Task item » The reply should consist solely of the lines from the one with "Brühl RORO small" through the final line of the listing, copied exactly, with no pictures.

== Recorded information ==

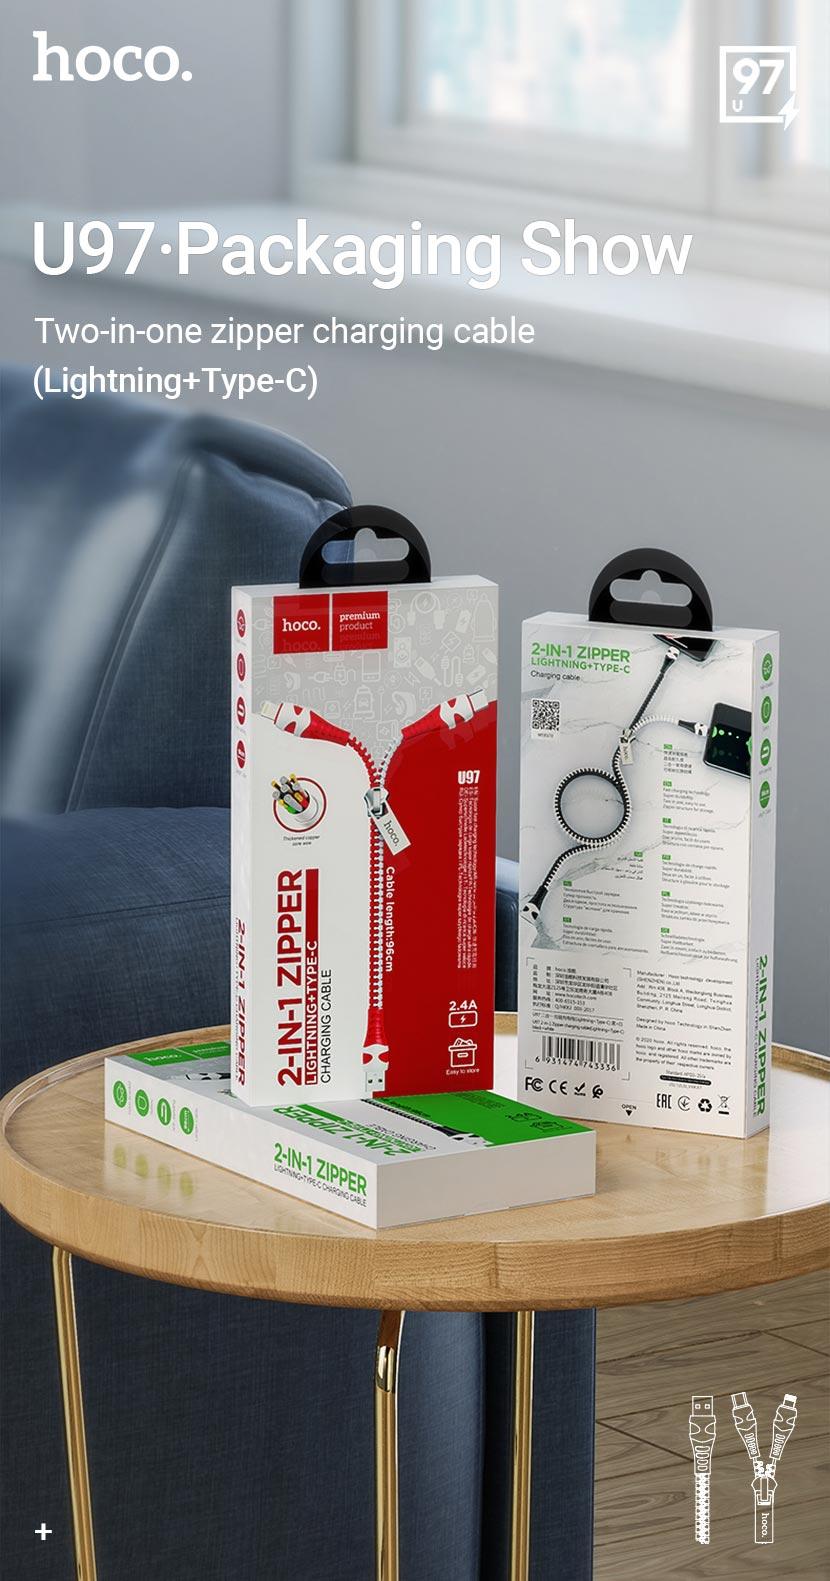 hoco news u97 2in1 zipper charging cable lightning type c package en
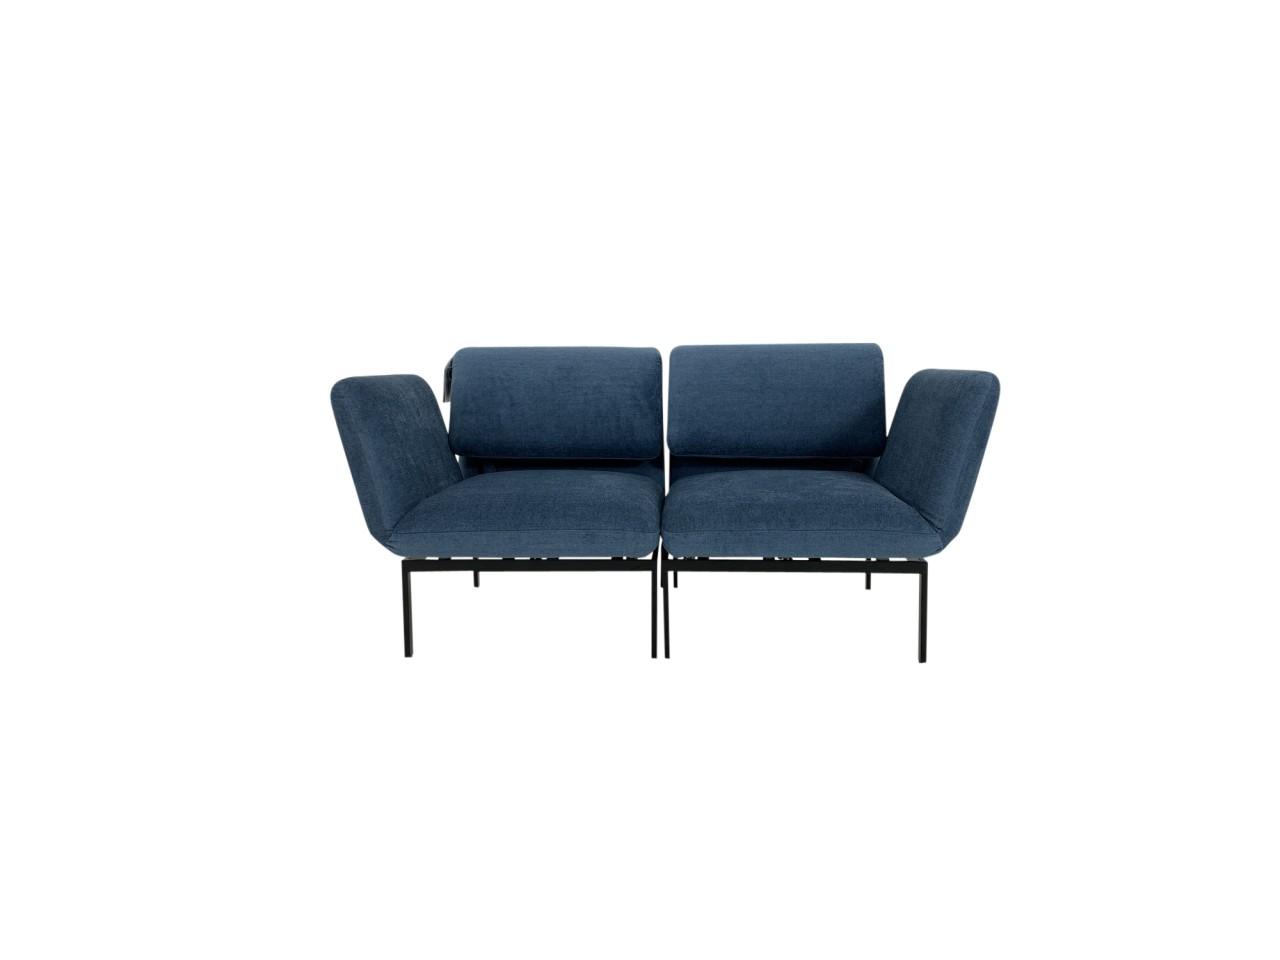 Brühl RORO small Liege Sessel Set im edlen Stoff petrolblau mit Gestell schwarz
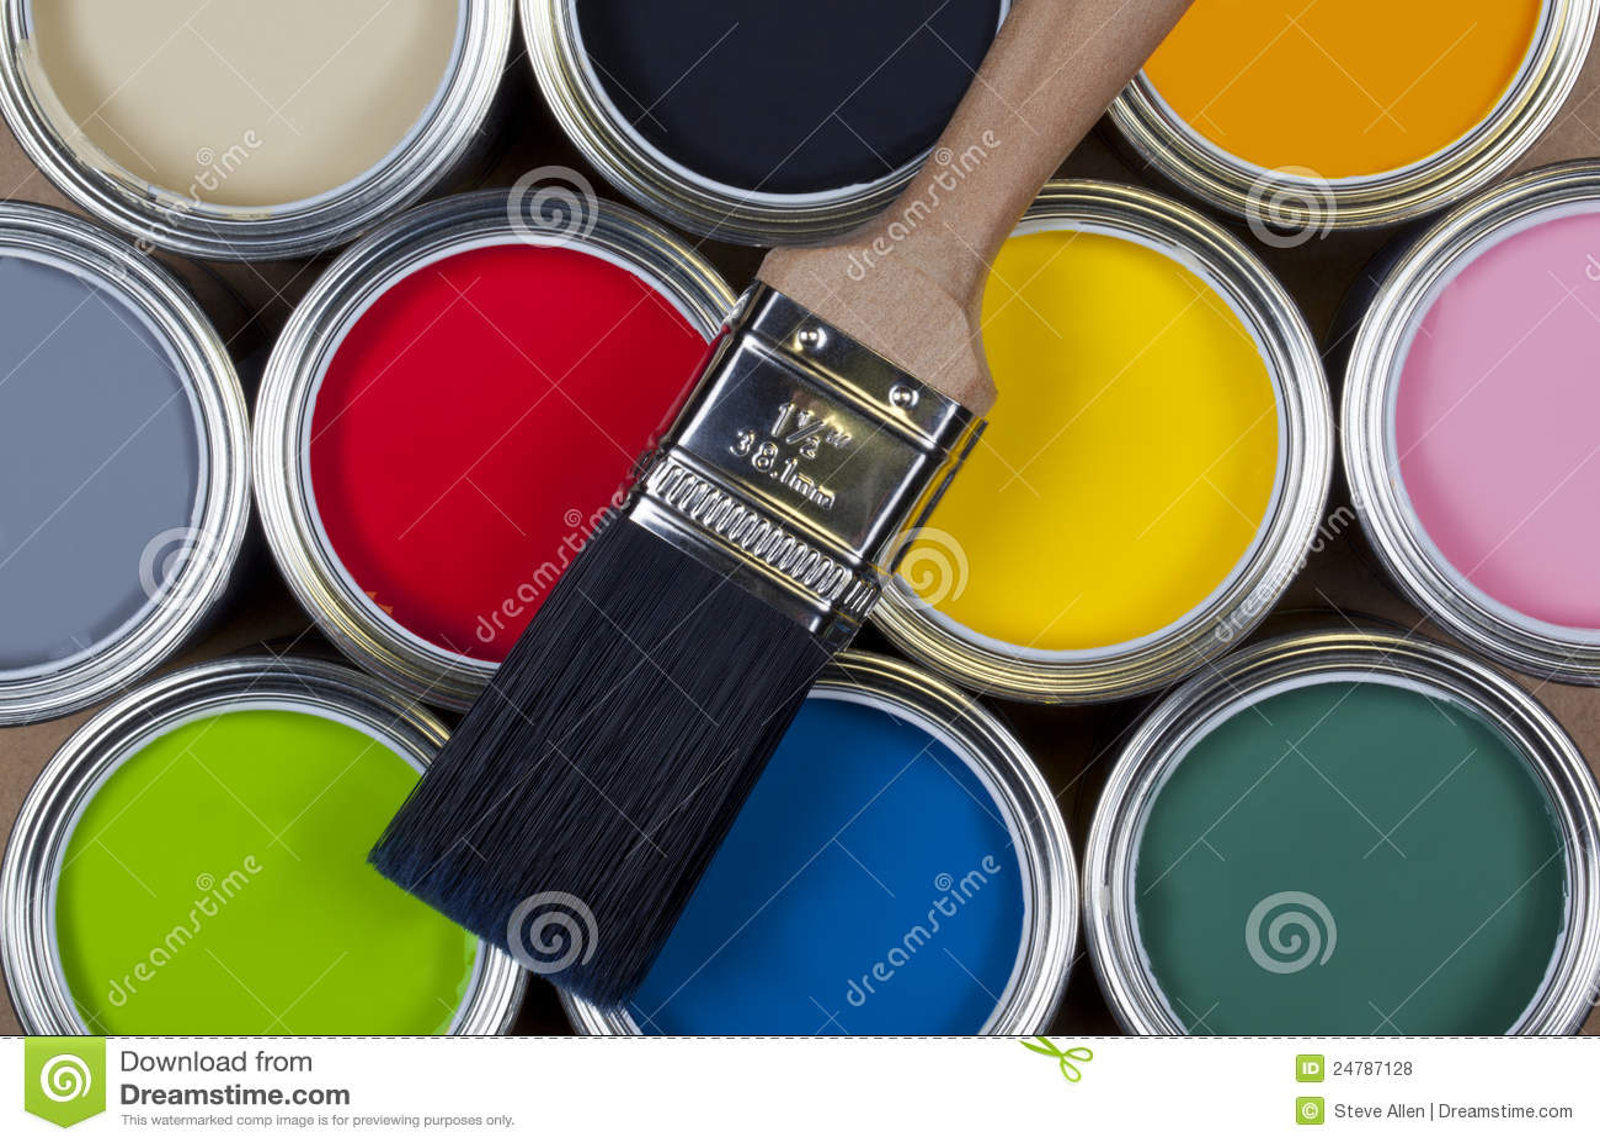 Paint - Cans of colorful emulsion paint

===

Output of the task »
 Brühl RORO small Liege Sessel Set im edlen Stoff petrolblau mit Gestell schwarz
 Paint - Cans of colorful emulsion paint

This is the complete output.